The S&P 500 index surged to new highs on Thursday, following a drop in the initial jobless claims figures for the week ended June 26.
According to the US Department of Labor data, the number of first-time applicants for unemployment benefits fell from 415K the previous week to 364K. This figure was less than the market consensus of 388K and is the lowest that this number has been since the onset of the COVID-19 pandemic in March 2020.
Rallying crude oil prices helped shares listed in the S&P 500’s Energy Index to lead the charge, notching 1.9% as of writing. The Financials Index is currently up 0.47%.
The stellar initial jobless claims data has helped boost sentiment on the S&P 500 ahead of tomorrow’s Non-farm Payrolls report. Traders and investors would be watching to see if public sector employment improves to an extent where the Fed may start to consider early tapering.

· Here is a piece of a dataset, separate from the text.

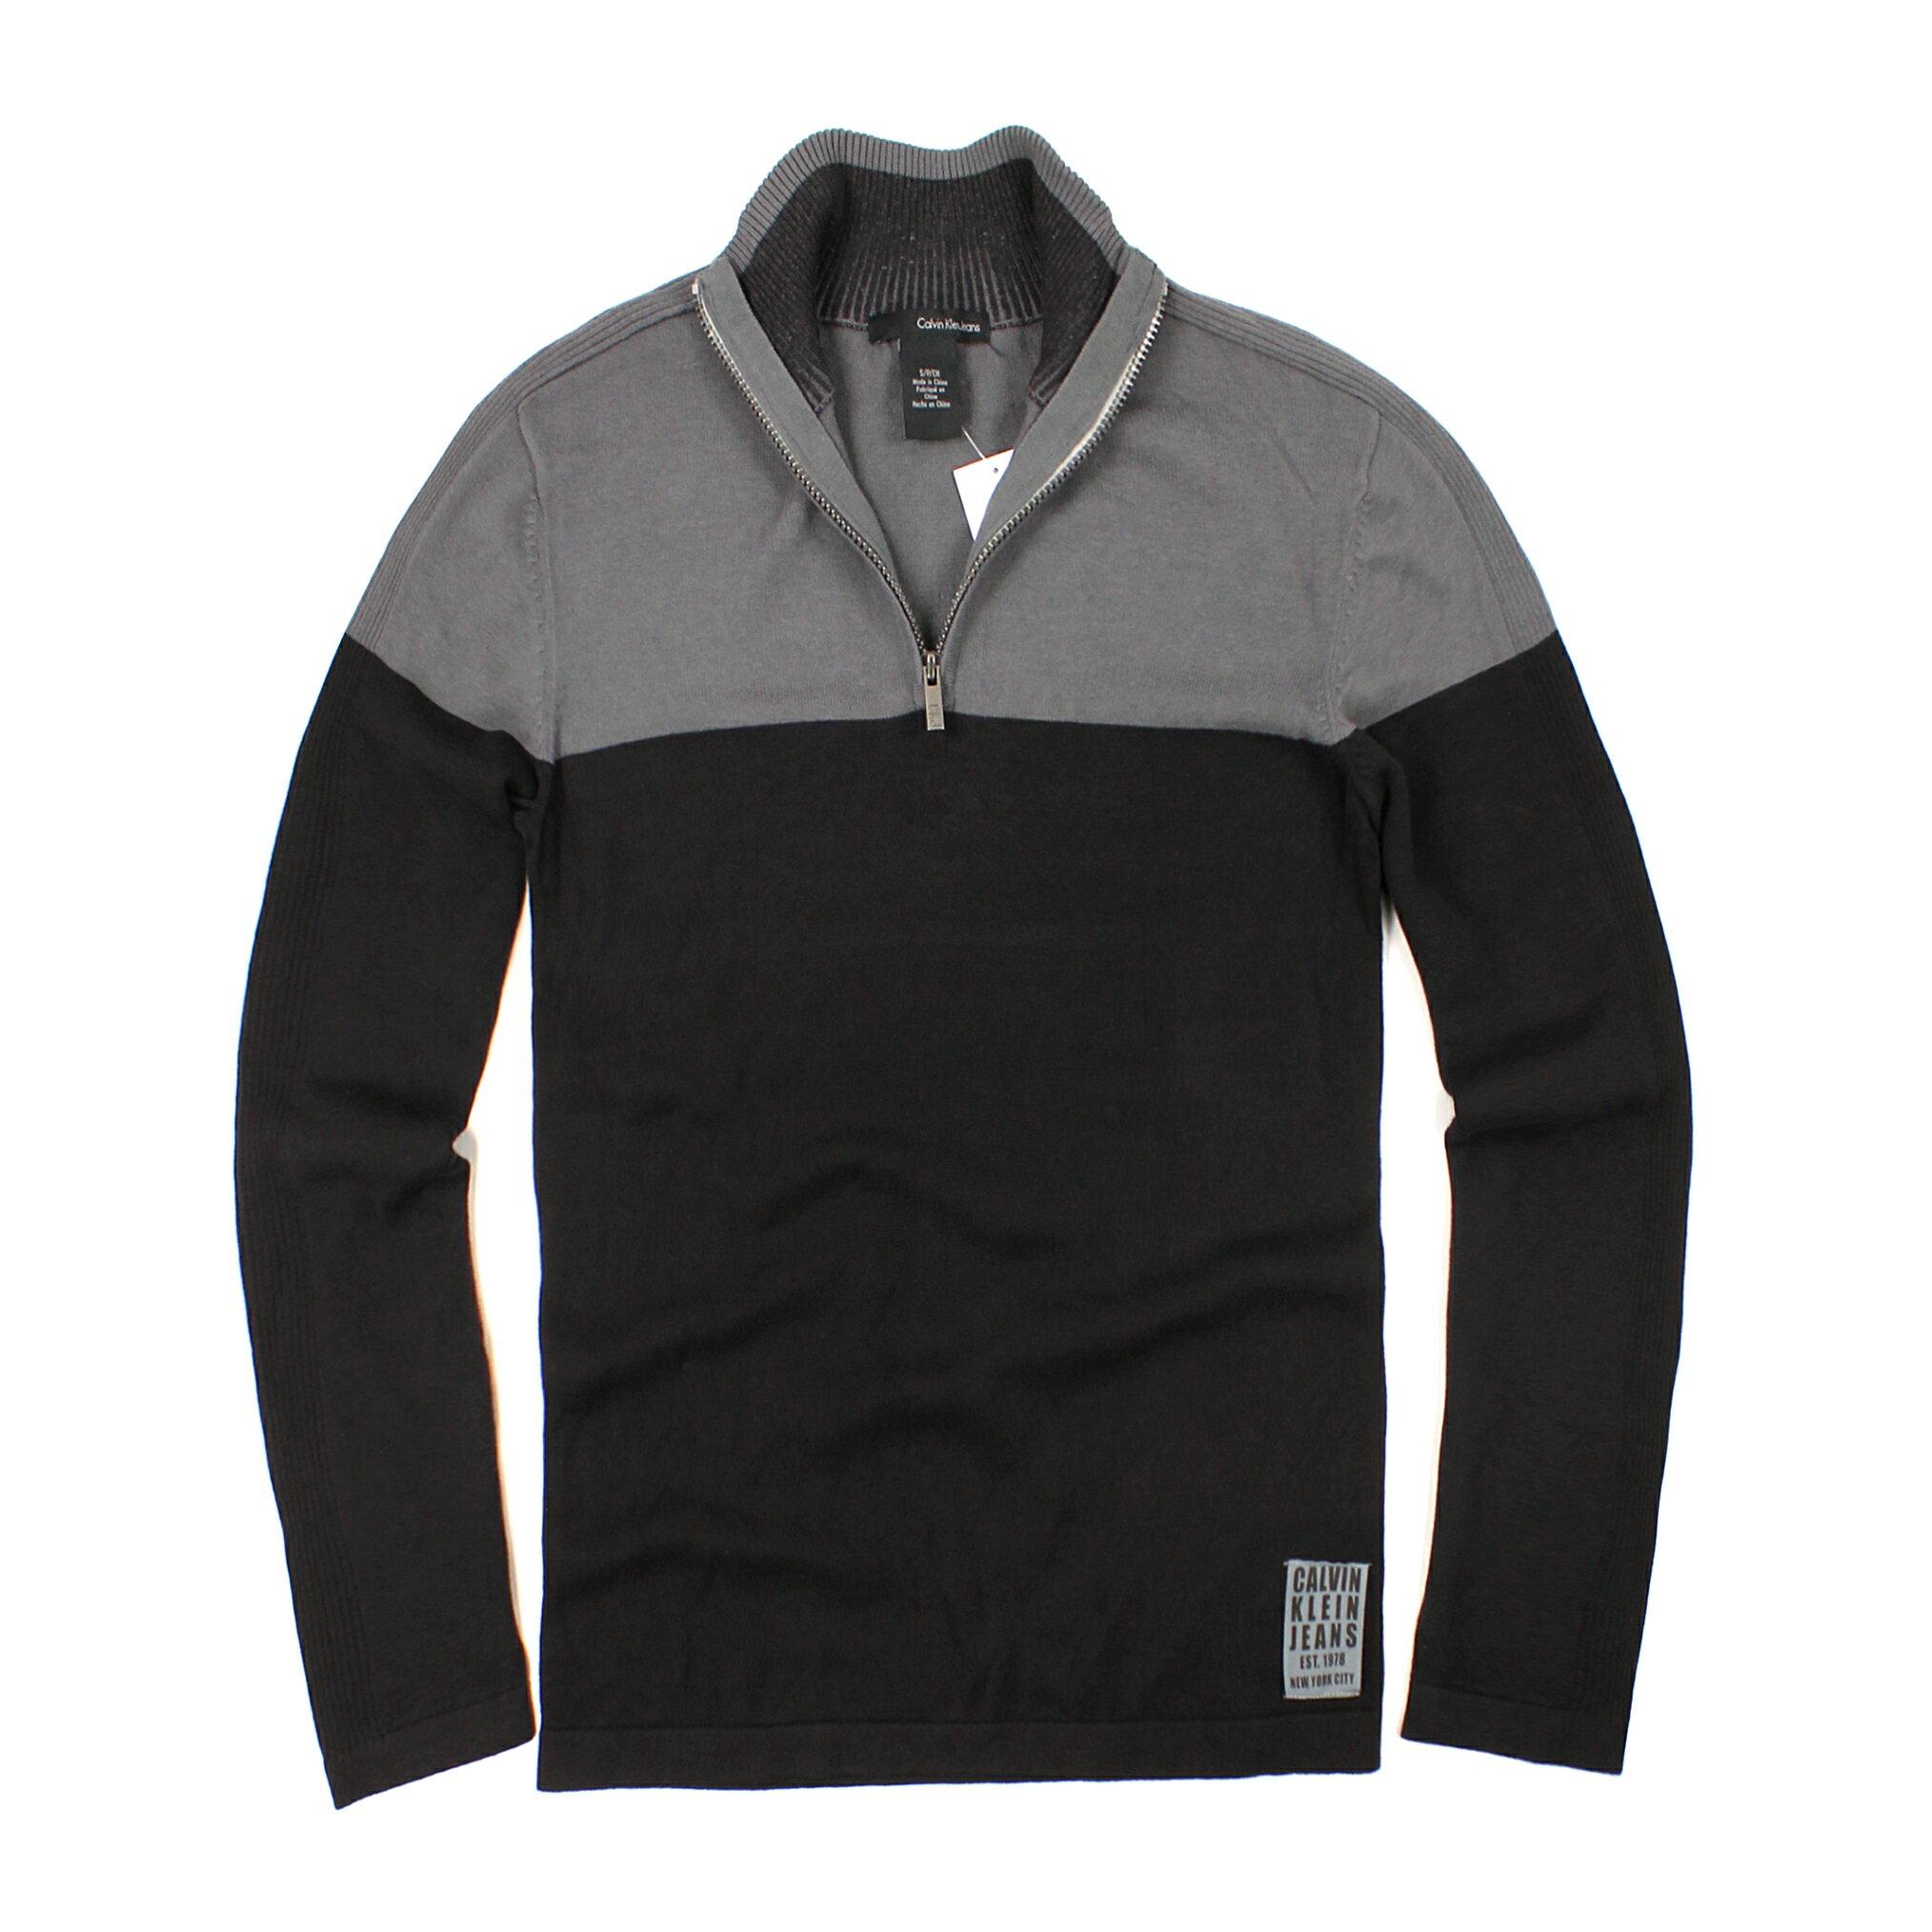 美國百分百【全新真品】Calvin Klein 針織衫 CK 線衫 棉質毛衣 黑 灰 半拉 純棉 立領 保暖 男款 S號 B524

The redrawn Fibonacci extension levels from our previous charts start at the 25 March low, move to the 7 May high, and end at the 19 May low. The recent upsurge puts the price past the 4301.30 resistance identified in several previous articles, converting this level into new support. Price is now aiming for the 4368.25 price mark (78.6% Fibonacci extension) as the new resistance mark.
On the flip side, a decline below 4301.30 allows the price to target the 4257.90 support (15/23 June highs), with 4220.63 and 4200 serving as additional targets to the south.